- _What you need to do_
The listing below should be reproduced exactly, with the pictures omitted.

- _Stored data_
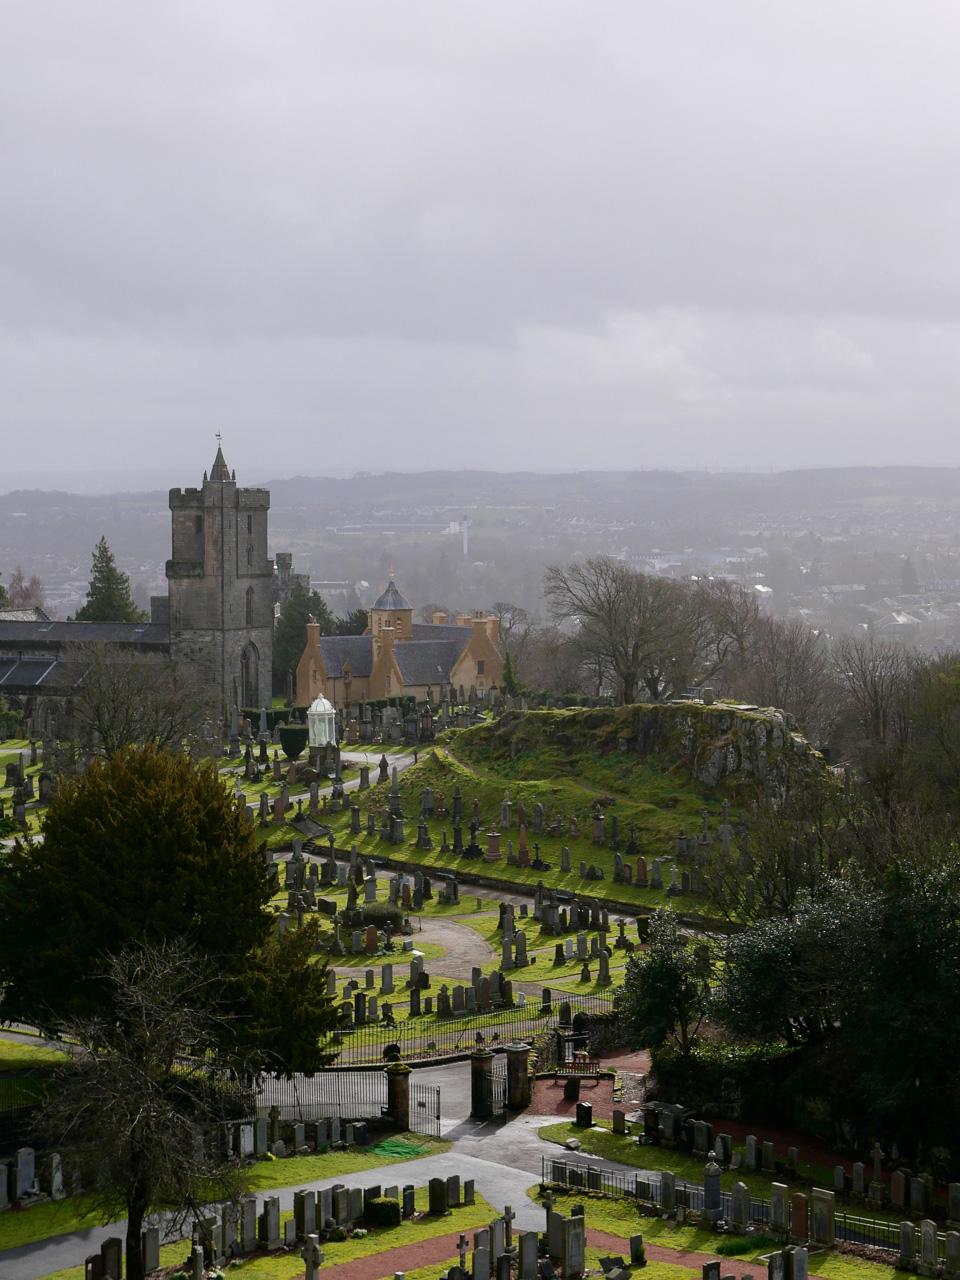 Cara Sharratt Travel - Stirling Castle - Scotland, United Kingdom
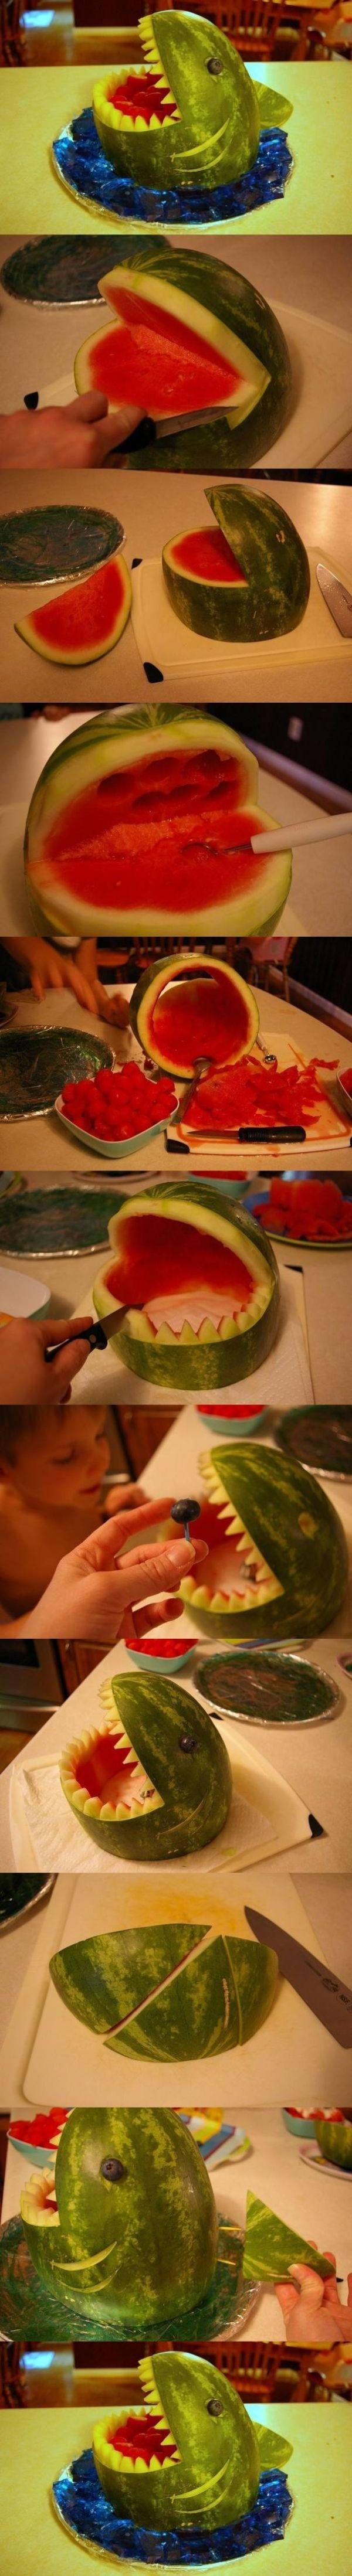 DIY Watermelon Shark Carving Internet Tutorial~ Tutorial by diyforever~
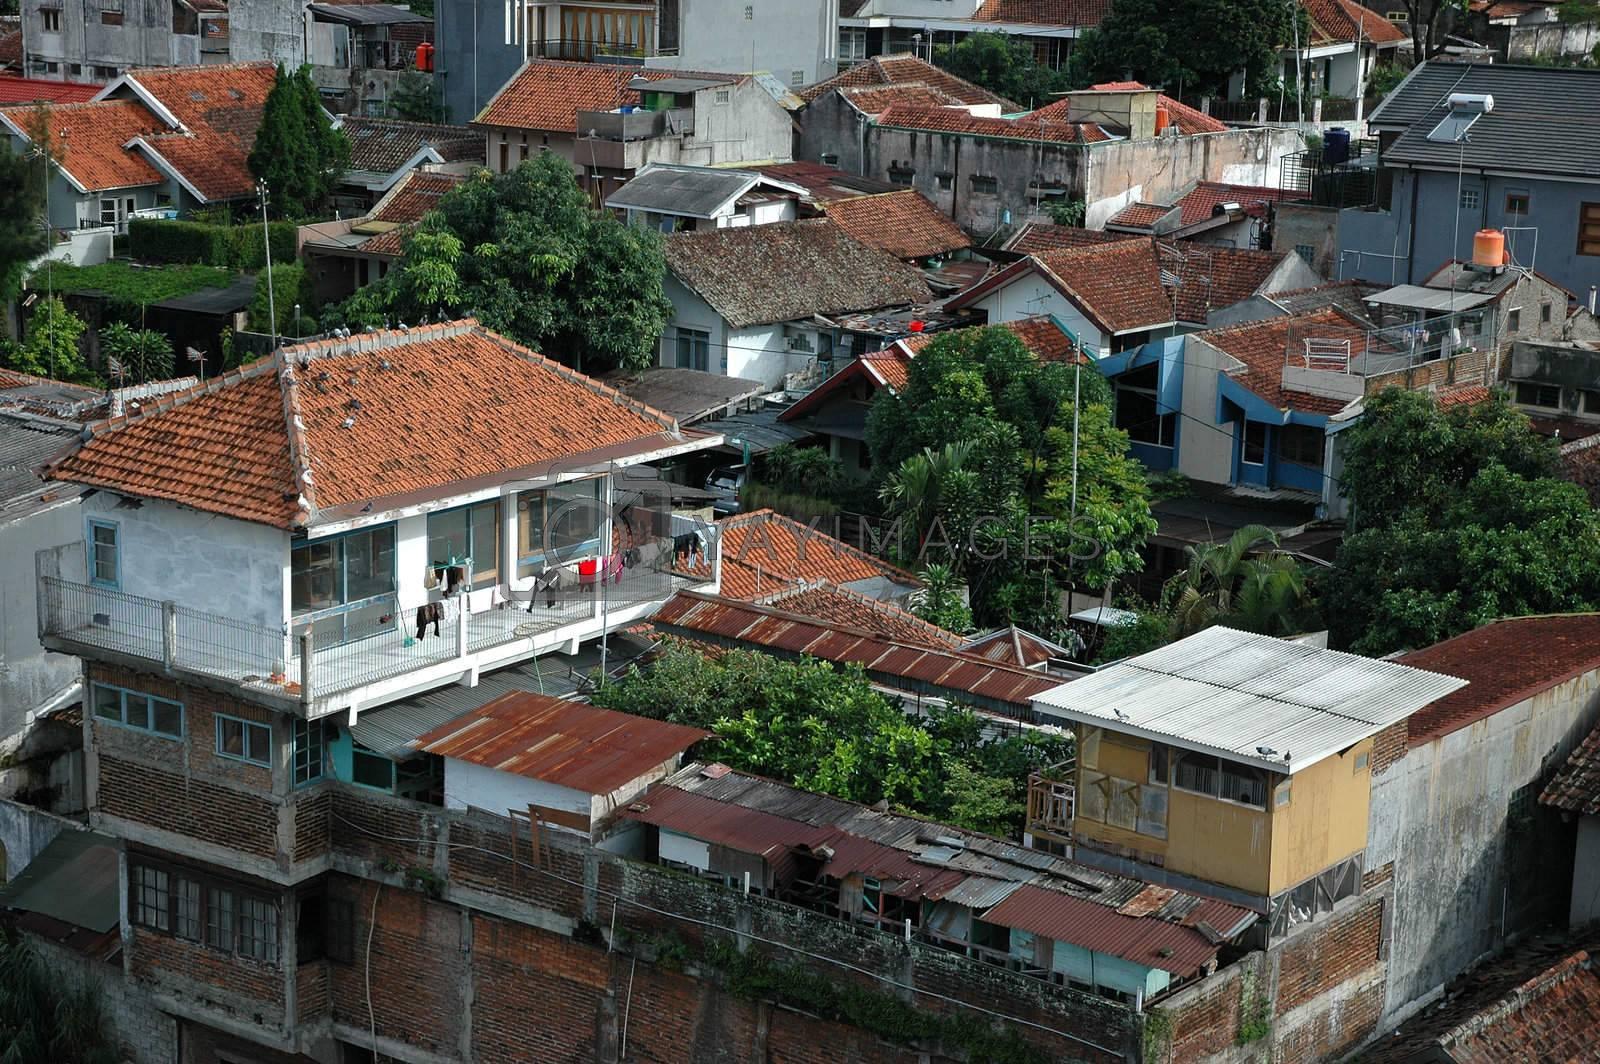 slum area by bluemarine
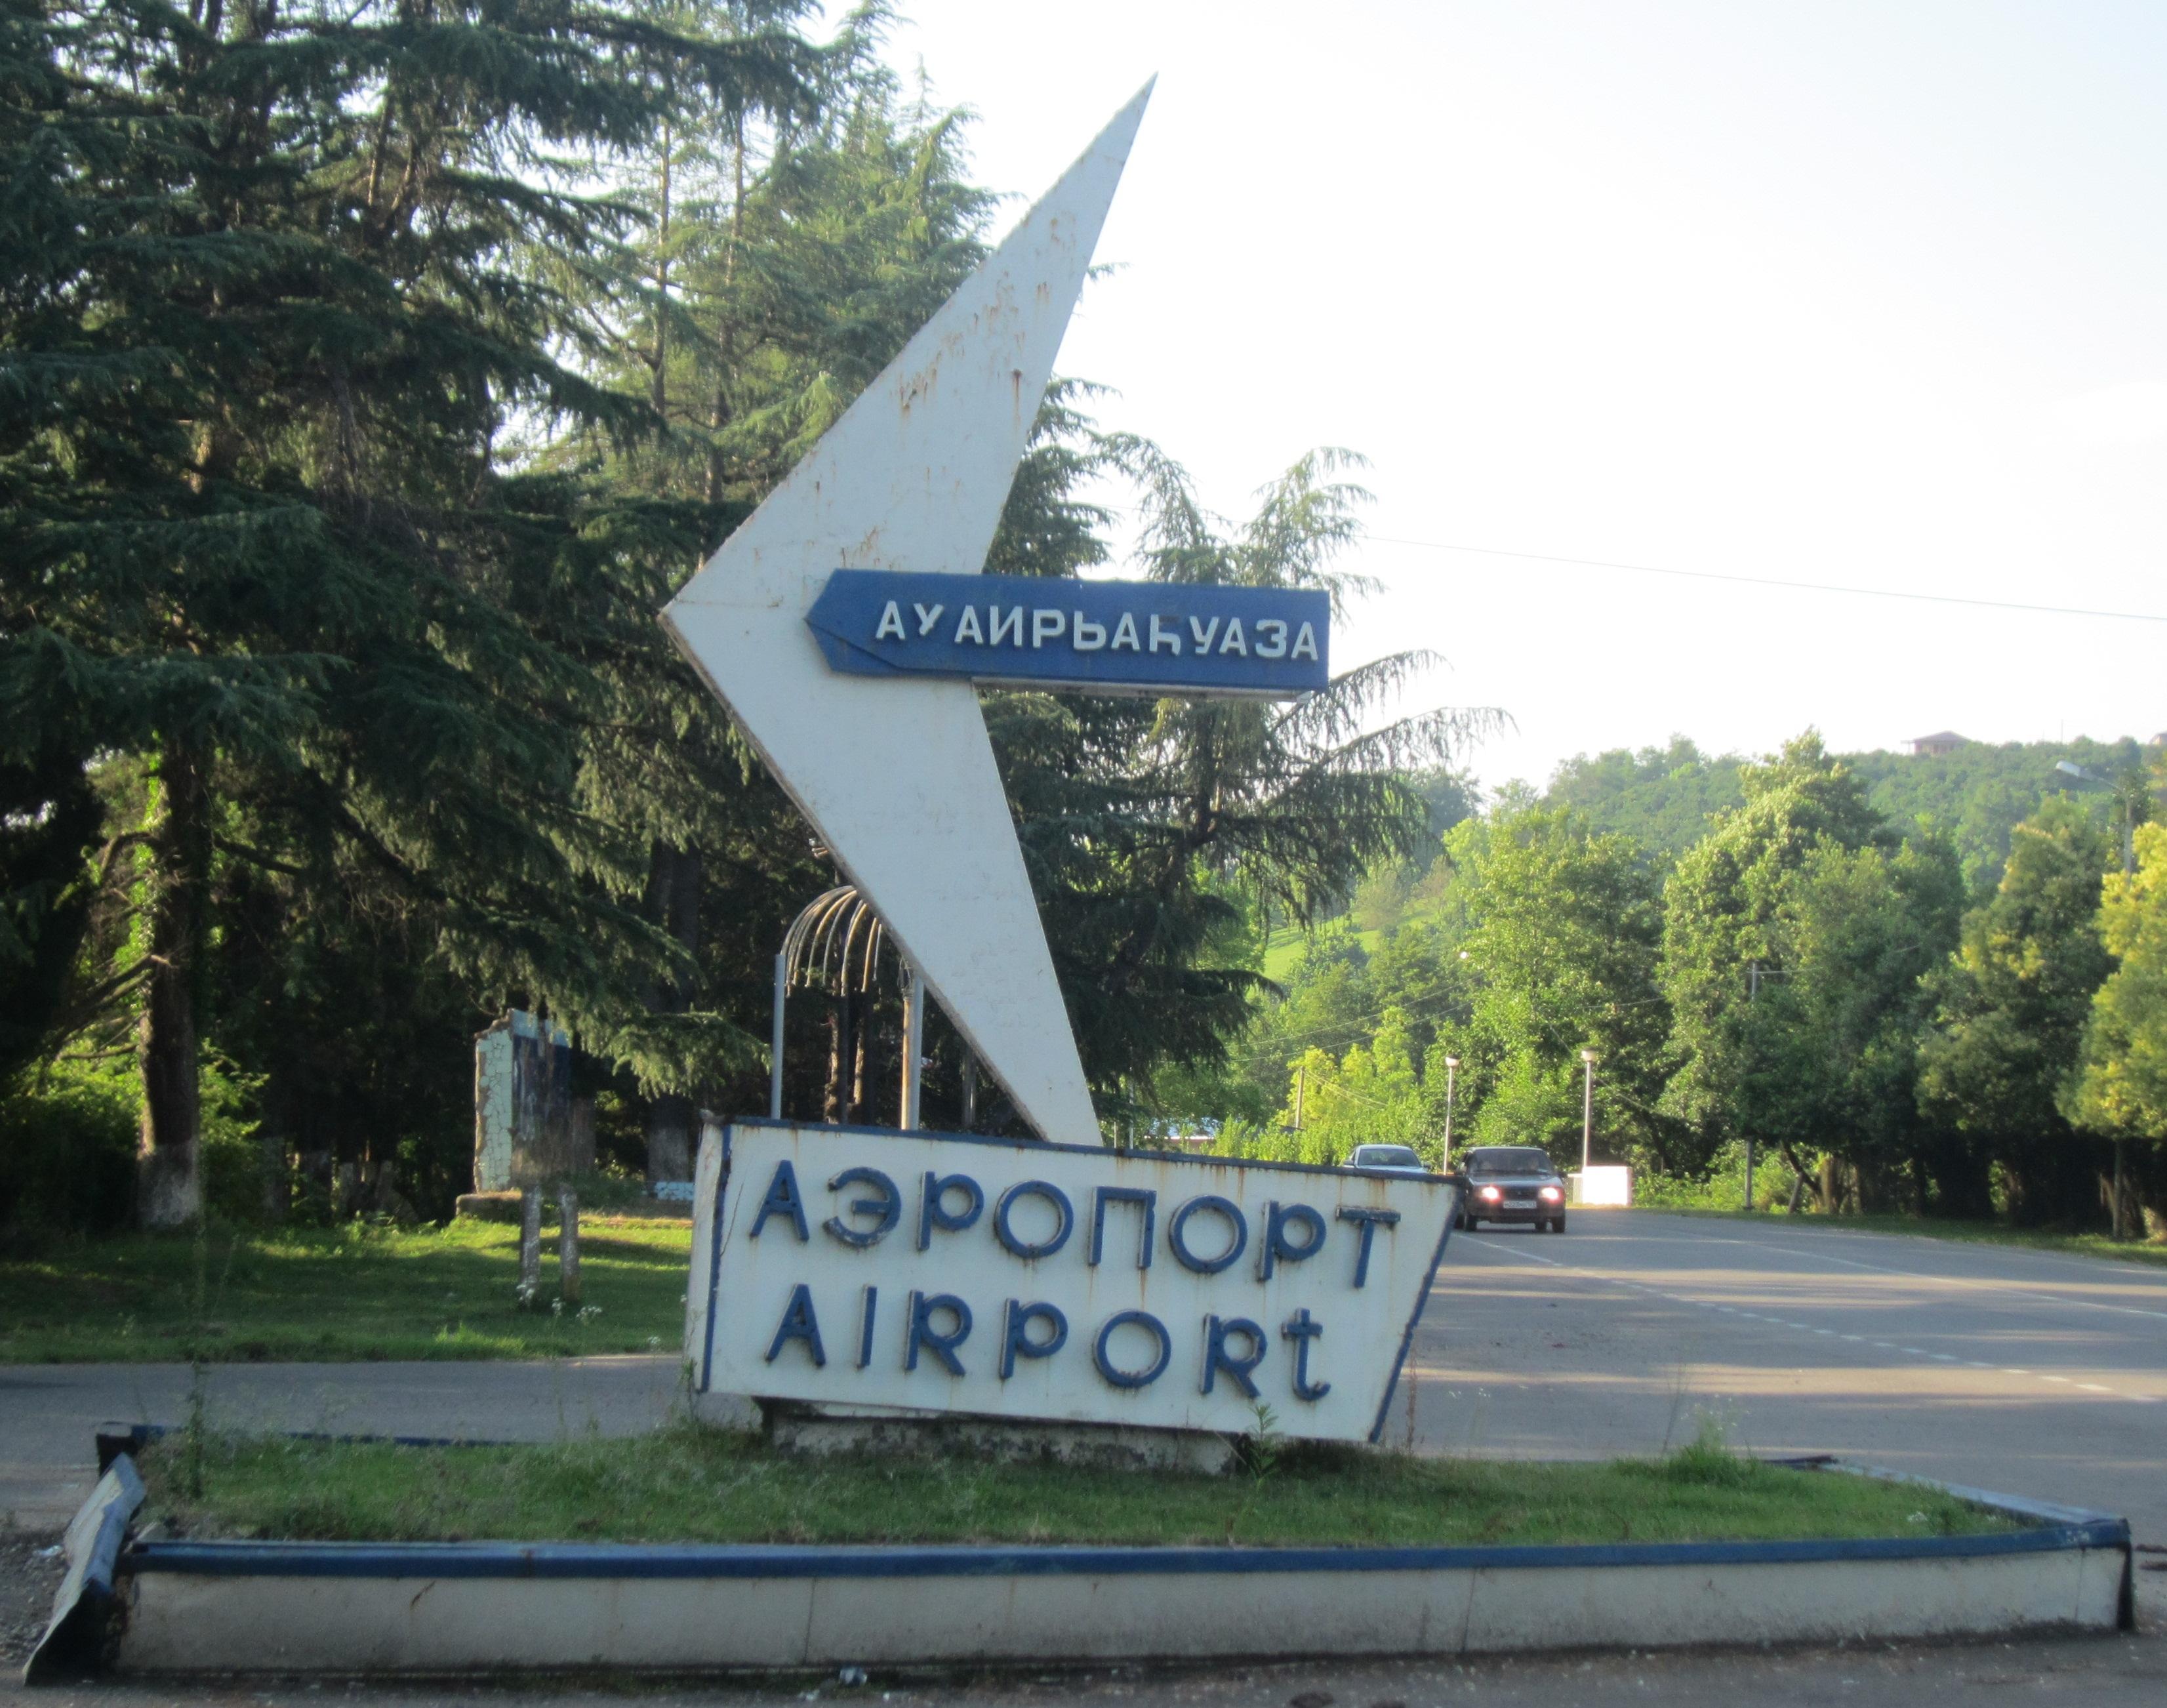 Suhumi aeroport #новости Абхазия, Аэропорт Сухуми, Сухуми, Хаджимба

- _Answer box_
 Cara Sharratt Travel - Stirling Castle - Scotland, United Kingdom
 DIY Watermelon Shark Carving Internet Tutorial~ Tutorial by diyforever~
 slum area by bluemarine
 Suhumi aeroport #новости Абхазия, Аэропорт Сухуми, Сухуми, Хаджимба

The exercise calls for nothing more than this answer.